Fotocredit: Getty Images

VonEurosport
15/03/2020 Am 11:10 | Update 15/03/2020 Am 11:53

Die deutschen Biathleten dürfen nach dem turbulenten WM-Winter ein positives Fazit ziehen. Speziell die Frauen um Denise Herrmann und Franziska Preuß beeindruckten zum Abschluss. Im letzten Sprint der Saison holten die beiden einen Doppelsieg. Zudem krönte Herrmann ihre starke Saison mit einer kleinen Kristallkugel. Die Herren konnten da diese Saison nicht mithalten.
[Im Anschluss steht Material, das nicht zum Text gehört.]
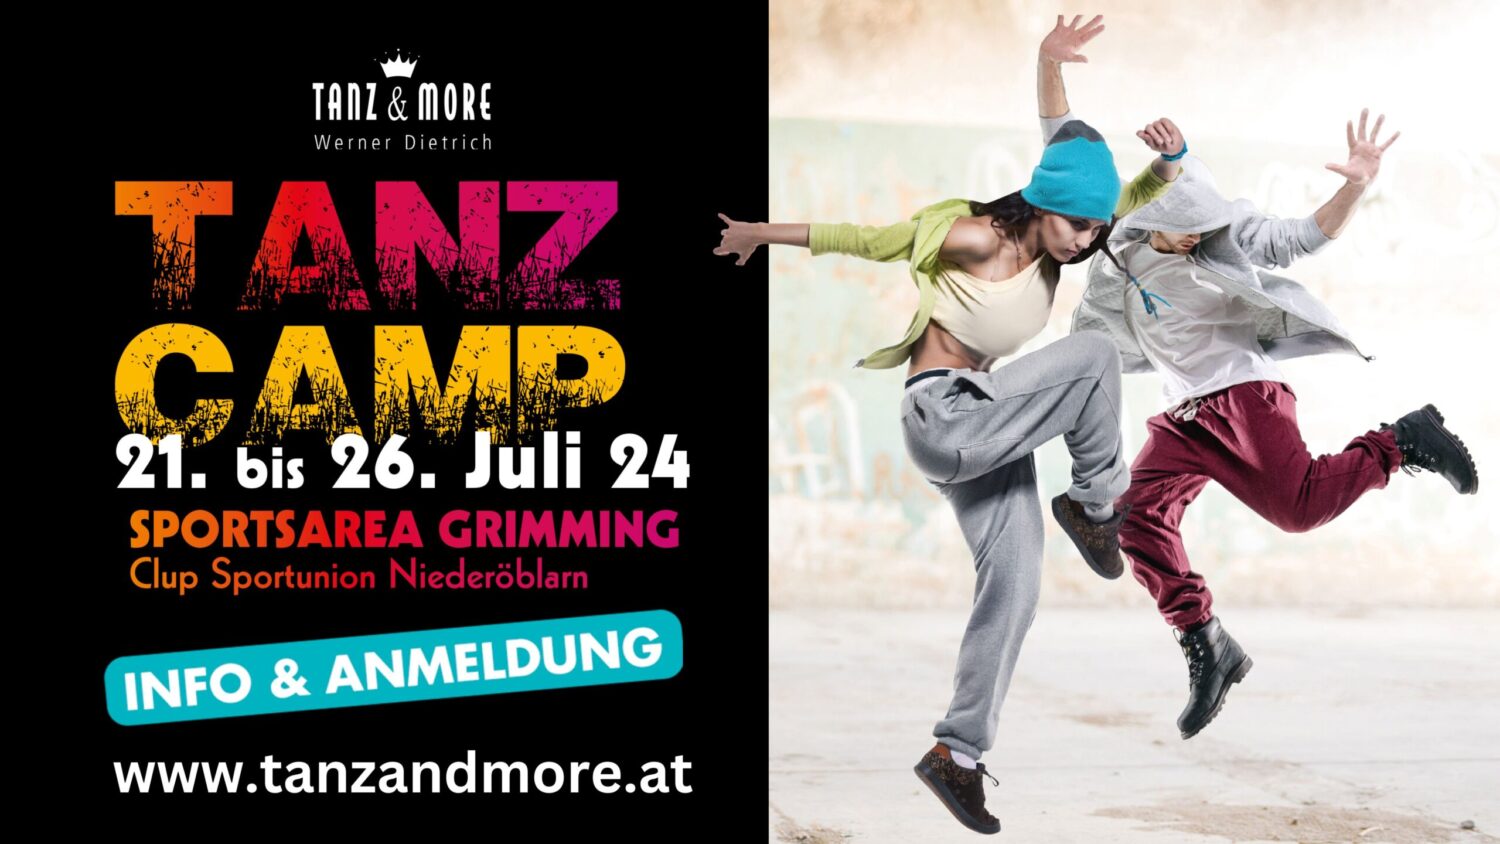 Info & Anmeldebanner Tanzcamp 21. bis 26. Juli 24 in Niederöblarn; im Bild 2 jugendliche Tänzer

Denise Herrmann war nach dem turbulenten WM-Winter "unter dem Strich sehr zufrieden", Franziska Preuß gab der Saison eine gute "Note 2". Die deutschen Biathleten verabschiedeten sich mit einem positiven Gefühl in die lange Sommerpause, wenngleich sehr viel Arbeit auf die Skijäger wartet.

"Hinten raus haben wir uns in geballter Teamstärke präsentiert. Die WM war ein richtiger Push", sagte Verfolgungs-Vizeweltmeisterin Herrmann in der "ARD". Vanessa Hinz sah es ähnlich: "Die WM war ein Highlight, davor und danach war es ein wenig holprig", bilanzierte die 27-Jährige, die bei den Weltmeisterschaften in Antholz etwas überraschend Einzel-Silber gewonnen hatte.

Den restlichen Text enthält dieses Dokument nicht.